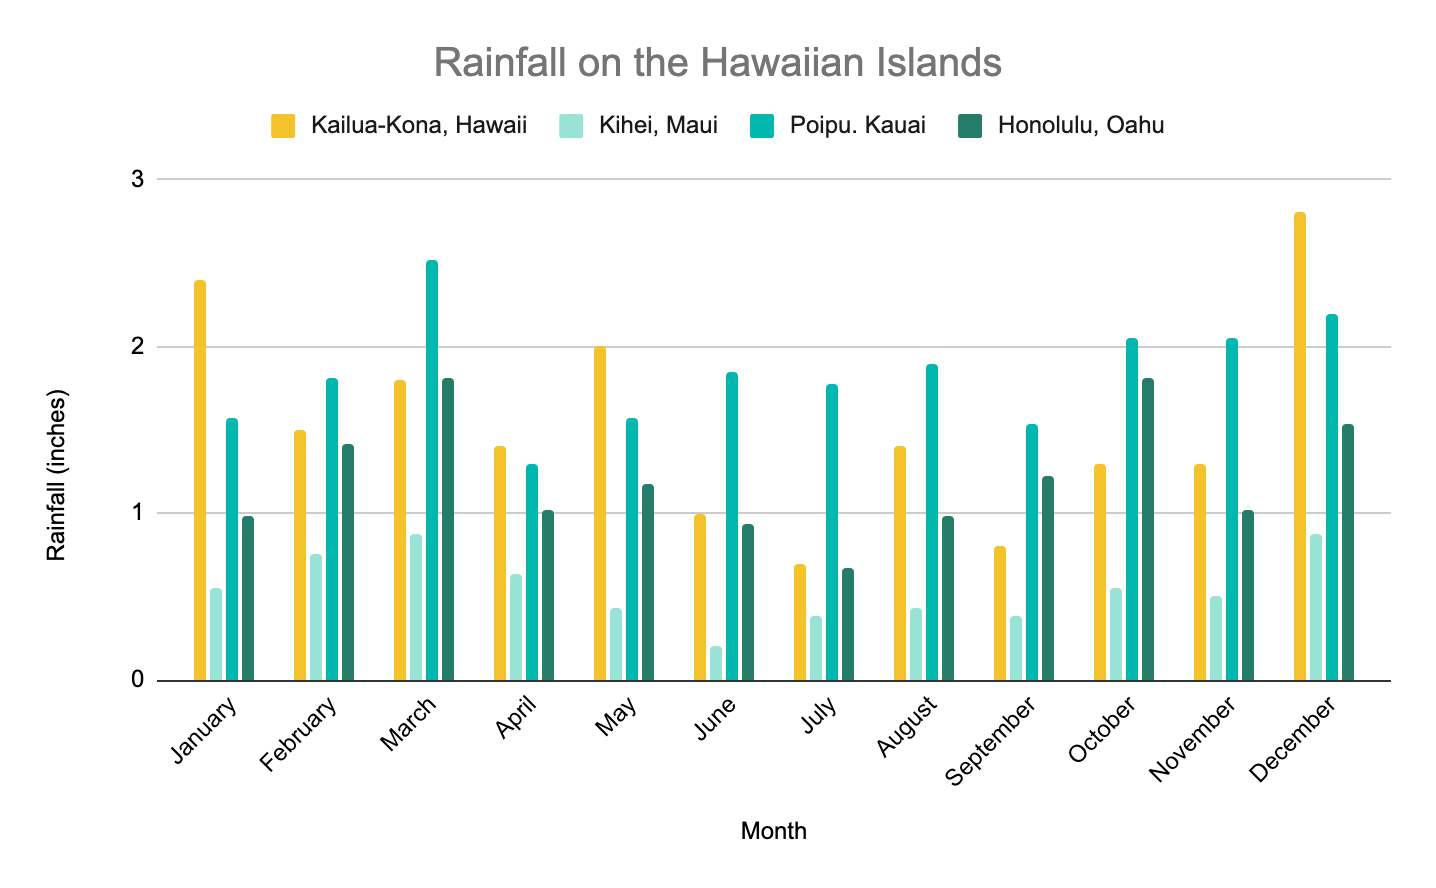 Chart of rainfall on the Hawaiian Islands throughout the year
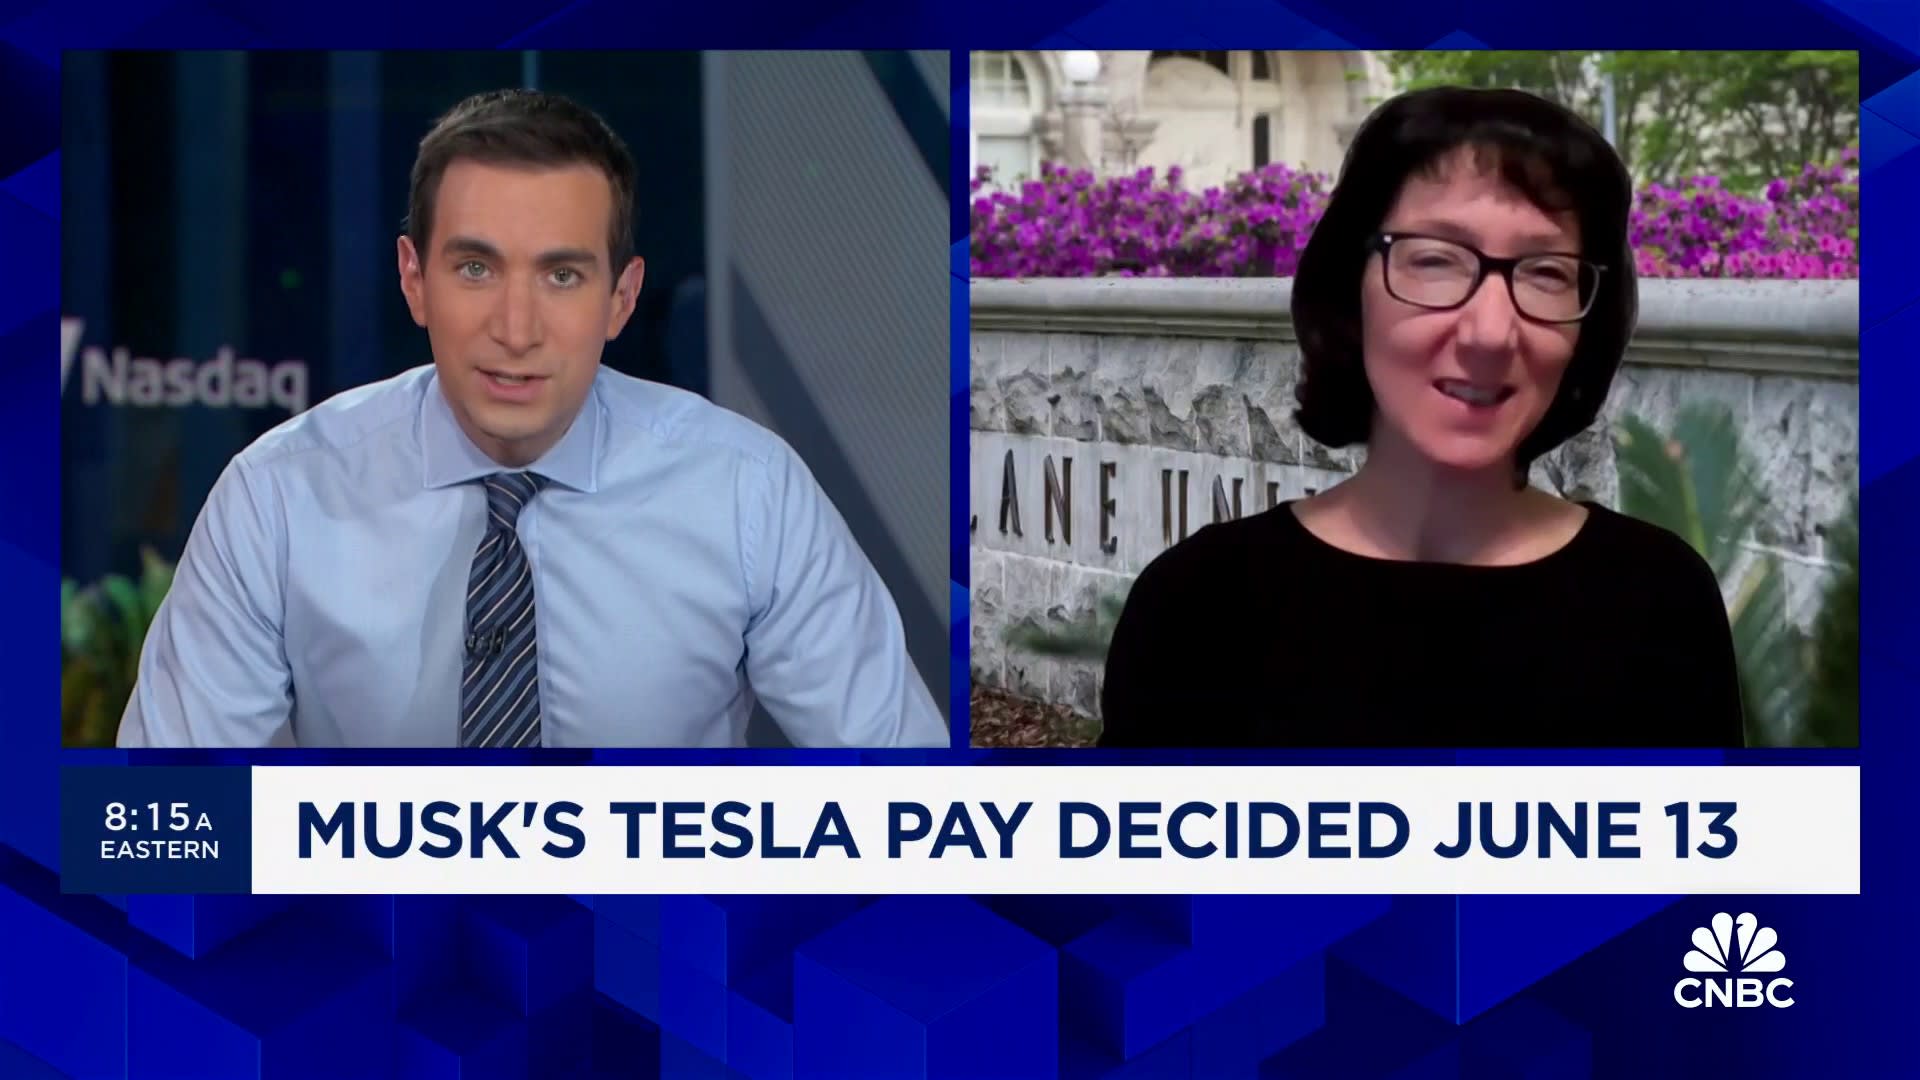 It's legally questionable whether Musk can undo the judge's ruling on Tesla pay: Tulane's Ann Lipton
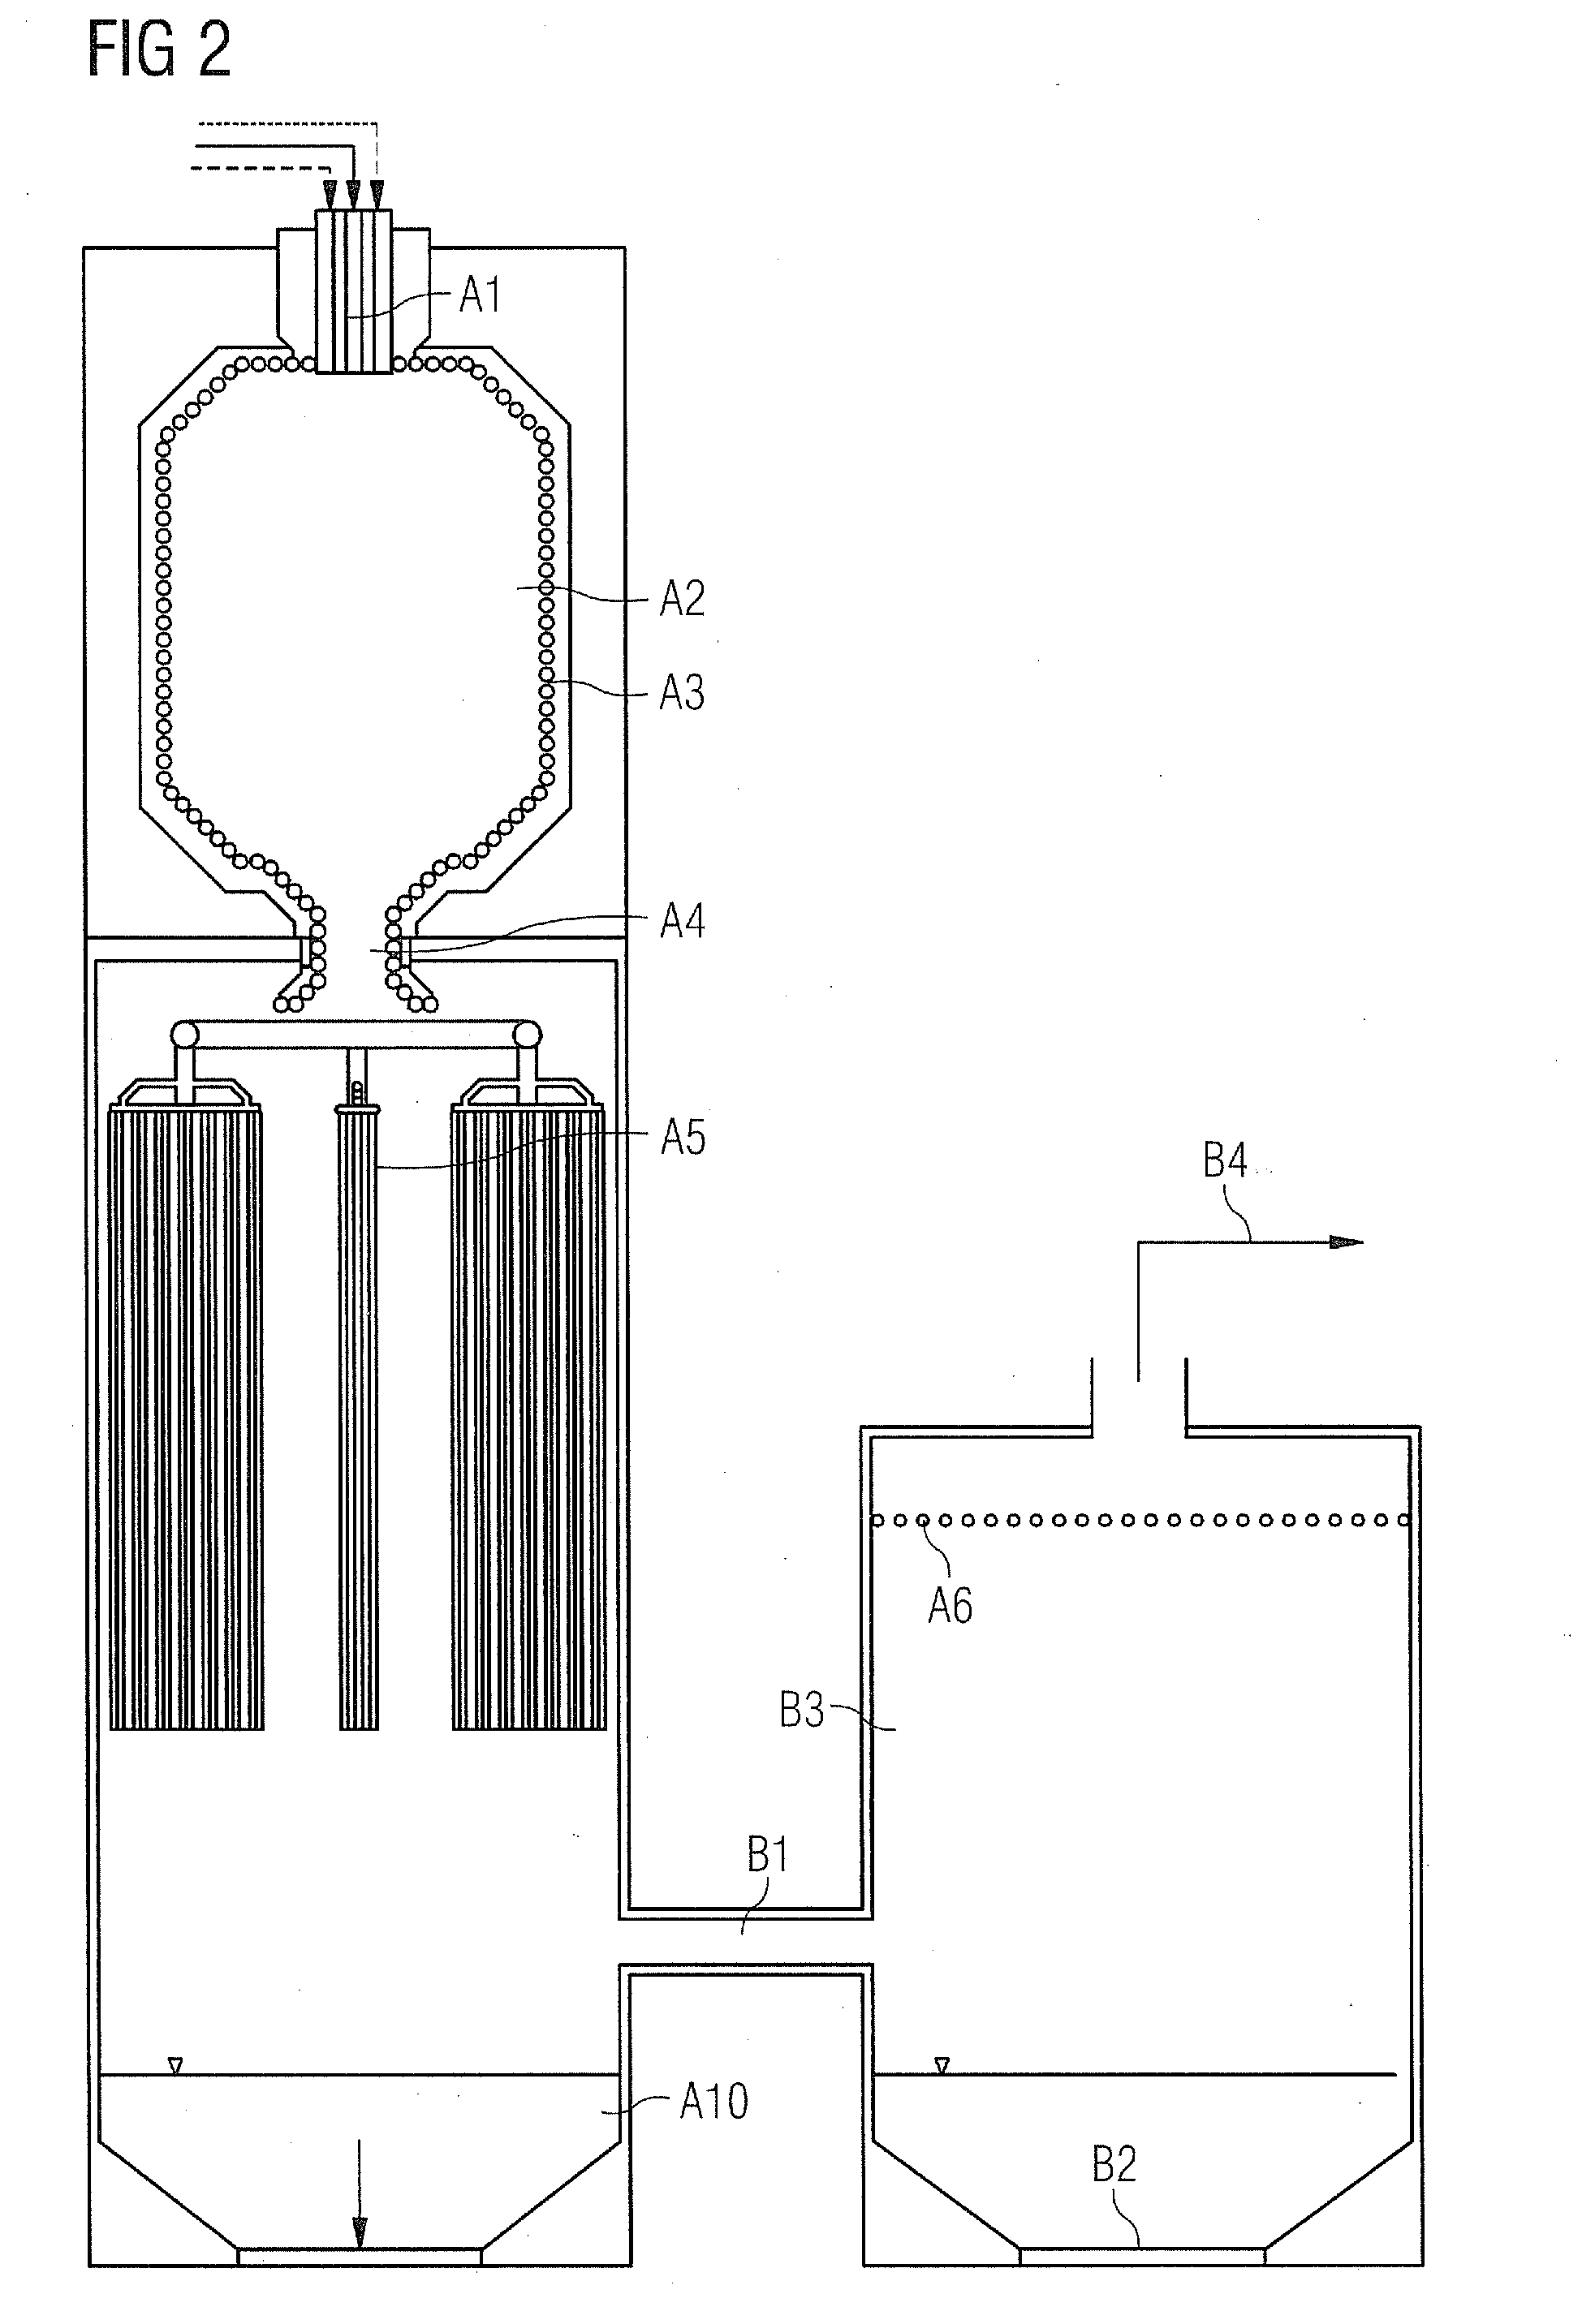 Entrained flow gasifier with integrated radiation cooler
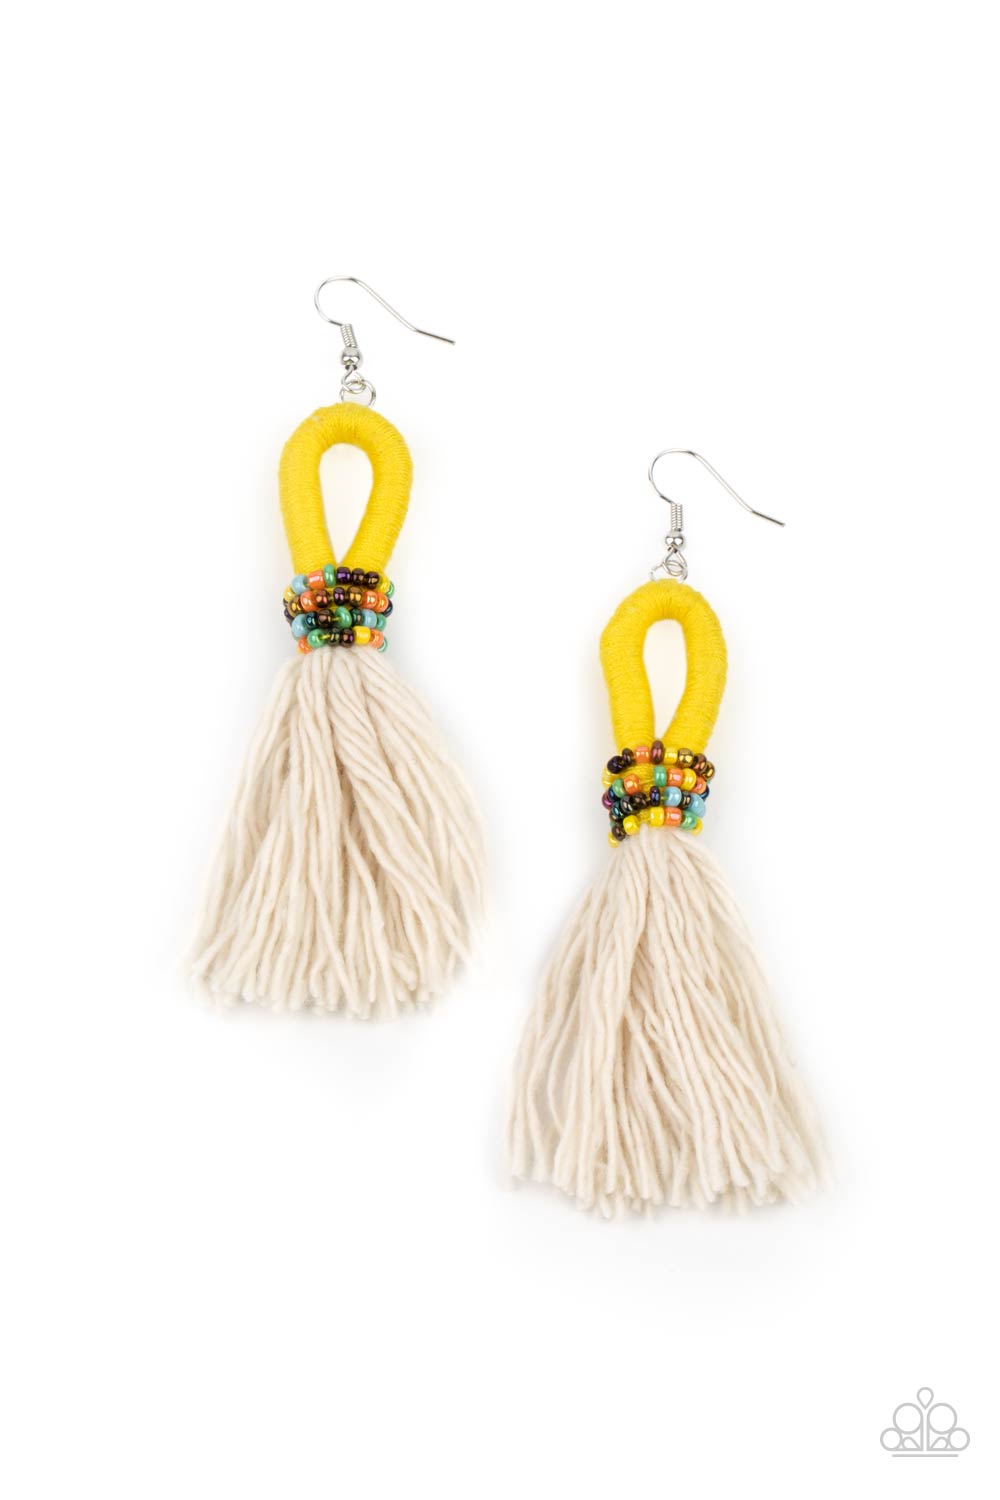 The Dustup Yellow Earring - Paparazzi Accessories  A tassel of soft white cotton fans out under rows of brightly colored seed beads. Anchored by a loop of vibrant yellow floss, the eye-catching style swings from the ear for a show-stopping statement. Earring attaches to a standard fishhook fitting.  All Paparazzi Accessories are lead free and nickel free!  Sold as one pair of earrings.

-*-

→ WHAT IS EXPECTED: Give the listing again, exactly as it appears, but without its images.

→ SOLUTION:
 Chart of rainfall on the Hawaiian Islands throughout the year
 It's legally questionable whether Musk can undo the judge's ruling on Tesla pay: Tulane's Ann Lipton
 Entrained flow gasifier with integrated radiation cooler
 The Dustup Yellow Earring - Paparazzi Accessories  A tassel of soft white cotton fans out under rows of brightly colored seed beads. Anchored by a loop of vibrant yellow floss, the eye-catching style swings from the ear for a show-stopping statement. Earring attaches to a standard fishhook fitting.  All Paparazzi Accessories are lead free and nickel free!  Sold as one pair of earrings.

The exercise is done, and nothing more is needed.